How to determine using only the straightedge and compass the points P and Q on the sides AB and AC of a given triangle ABC such that the triangle APQ and the quadrilateral BPQC have the same surface and the segment PQ has the minimal possible length?

Answer 1

Draw a normal to $BC$ form $A$, call the length $\alpha$ . Draw another normal from $A$ to $PQ$, this will be called $\beta$ .

If $\frac{\alpha}{\beta} = s$, then $\frac{BC}{PQ} = s$ (Teaser : Find out the theorem yourself)

so, you want ($\frac{1}{2} \beta PQ = \frac{1}{2}(\alpha BC - \beta PQ)$).

Rewrite $BC$ and $\alpha$, and you get ($s^2 -1 = 1$) $ \implies s = \sqrt{2}$

Now you need to construct a segment $AP$ with $AP:PB = 1:\sqrt{2}-1$, and same with $q$.

Read this : http://www.mymathforum.com/viewtopic.php?f=13&t=32876 and this : http://www.mathopenref.com/constdividesegment.html

Answer 2

The least $PQ$ occurs when $AP = AQ$.

Let $AB=c$, $AC=b$ and $m(\angle A)=\alpha$.

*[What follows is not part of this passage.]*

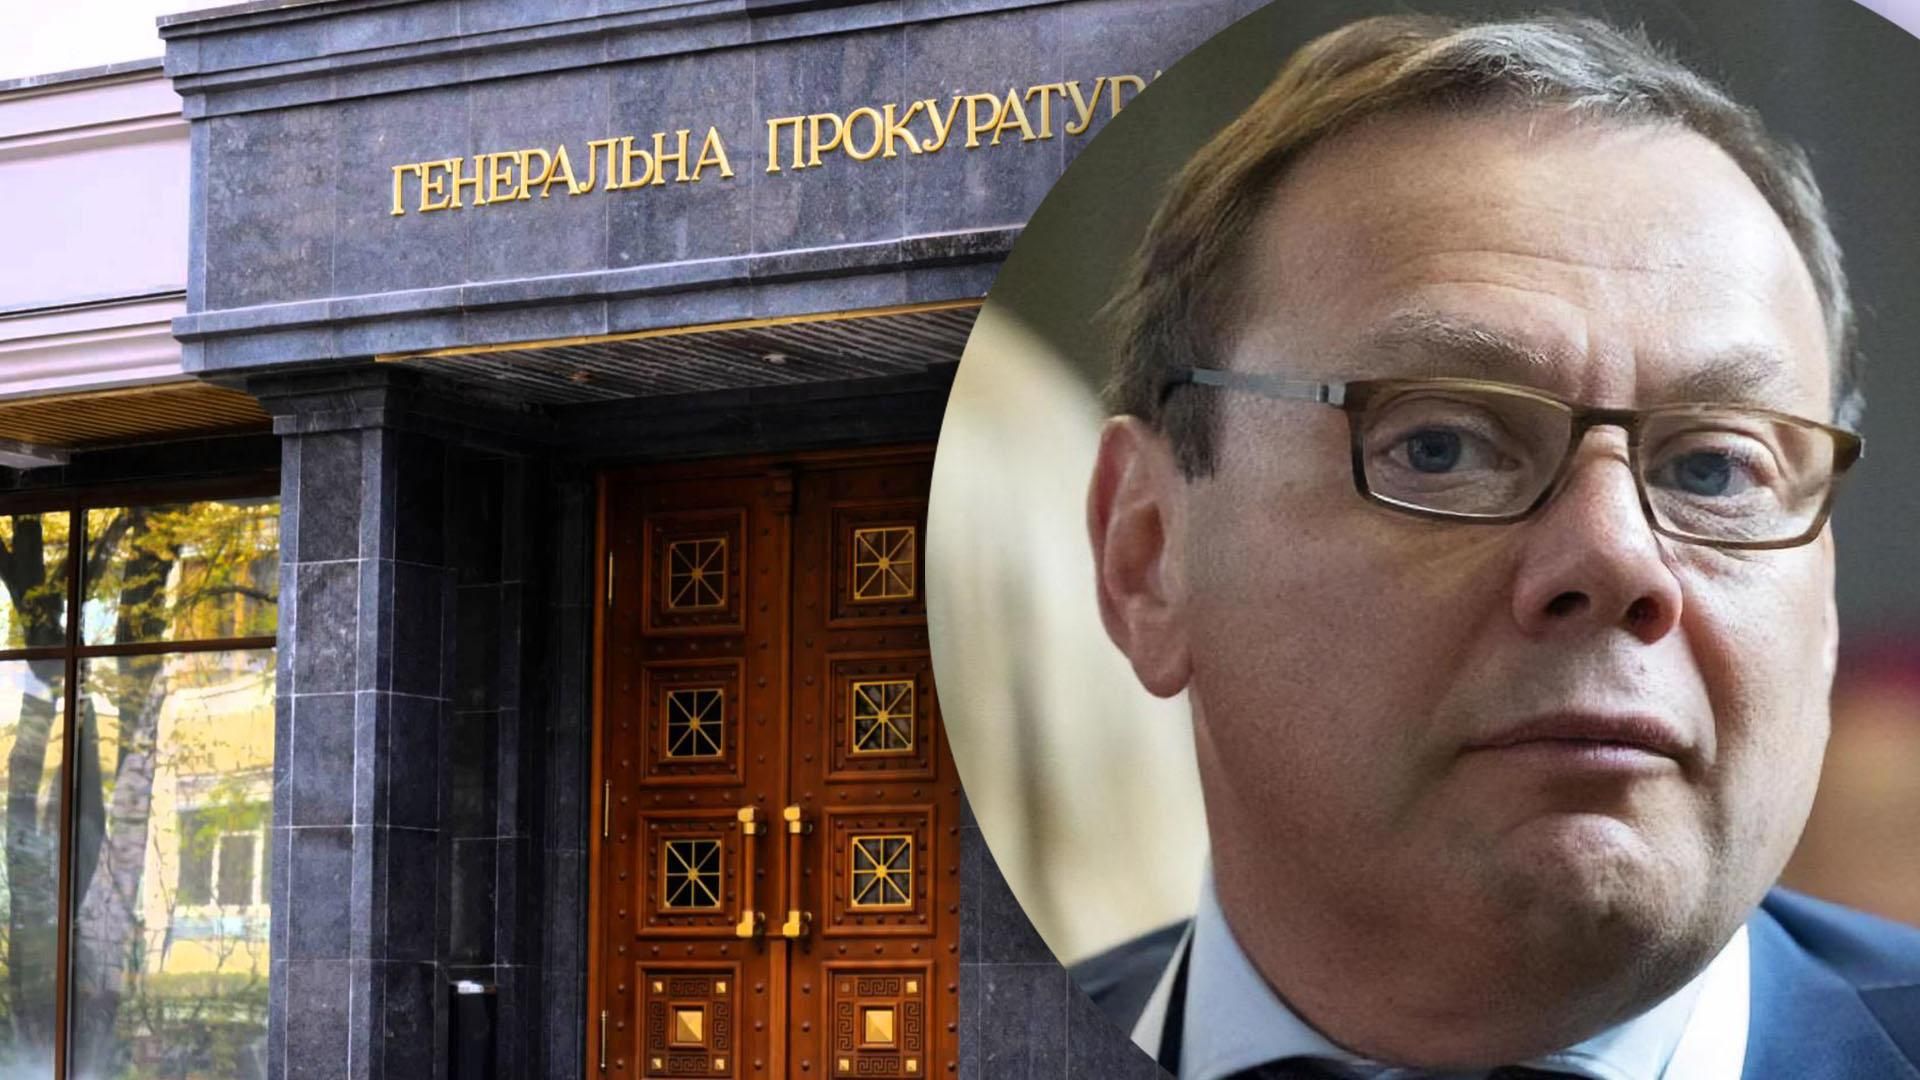 В Украине арестовали активы российского олигарха Фридмана более чем на 12 миллиардов гривен

We know that $Area_{APQ} = \frac{1}{2} Area_{ABC}$, then we have: $$\frac{1}{2} AP^2\sin\alpha =\frac{1}{2} \frac{1}{2} cb\sin\alpha \Rightarrow$$ $$AP=\sqrt{\frac{cb}{2}}.$$ Therefore $AP$ is the geometric mean of $c$ and $\frac{b}{2}$. We only have a solution if $\frac{c}{2} < b <2c$.

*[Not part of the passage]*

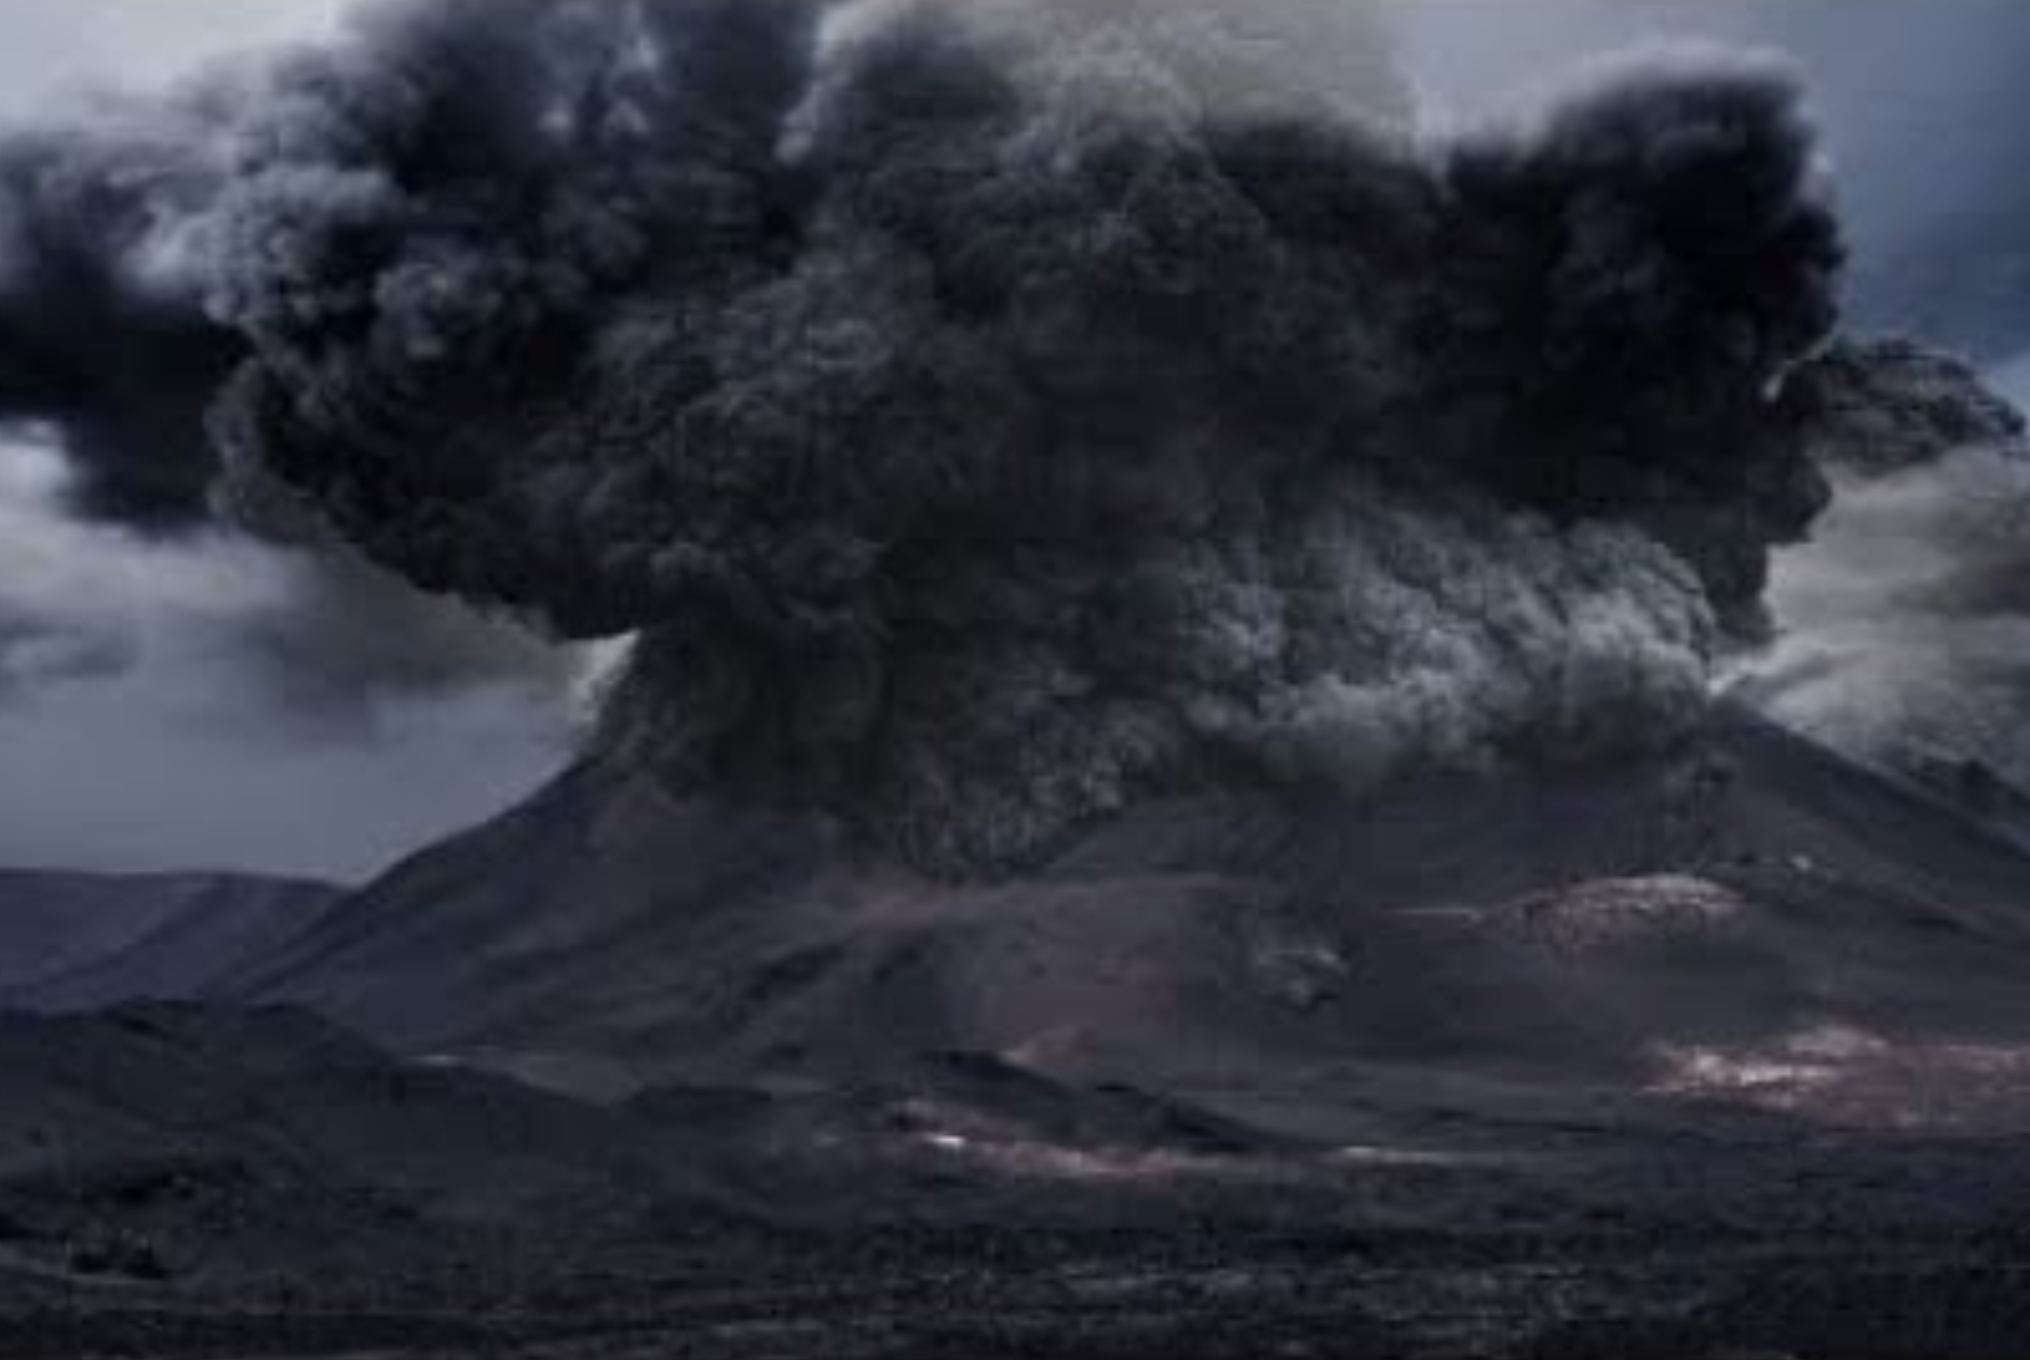 Τουνγκούσκα: Η μυστηριώδης έκρηξη που ισοπέδωσε χιλιόμετρα δάσους σε λίγα δευτερόλεπτα και οι θεωρίες συνωμοσίας για εξωγήινους

The construction is shown below:

EDIT.

(A short proof of the first statement)

Let $Area_{ABC}=S$, and $AP =x$ (where $S$ and $x$ are positive real numbers), then:

$$\frac{1}{2} AP \cdot AQ \sin\alpha = \frac{S}{2} \Rightarrow$$ $$\Rightarrow x AQ= \frac{S}{\sin\alpha} \Rightarrow$$ $$\Rightarrow AQ= \frac{S}{x \sin\alpha}. \quad (1)$$ But we know that $$PQ^2=AP^2 + AQ^2 -2AP \cdot PQ \cos \alpha \quad(2) $$ Substituting $(1)$ in $(2)$ we get: $$PQ^2= x^2 + (\frac{S}{x \sin\alpha})^2 - \frac{2S}{\tan \alpha} \Rightarrow $$ $$PQ= \sqrt{x^2 + (\frac{S}{x \sin\alpha})^2 - \frac{2S}{\tan \alpha}}. \quad(3) $$ At the minimal point the derivative of $PQ$ equals zero, so: $$2x+\frac{-2S^2}{x^3 \sin^2\alpha }=0 \Rightarrow$$ $$\Rightarrow x^4= \frac{S^2}{\sin^2\alpha} \Rightarrow$$ $$\Rightarrow x=\sqrt{\frac{S}{\sin\alpha}}. \quad(4)$$ Substituting $(4)$ in $(1)$, we get: $$AP=AQ=x=\sqrt{\frac{S}{\sin\alpha}}$$ Therefore the least $PQ$ occurs when $AP=AQ$.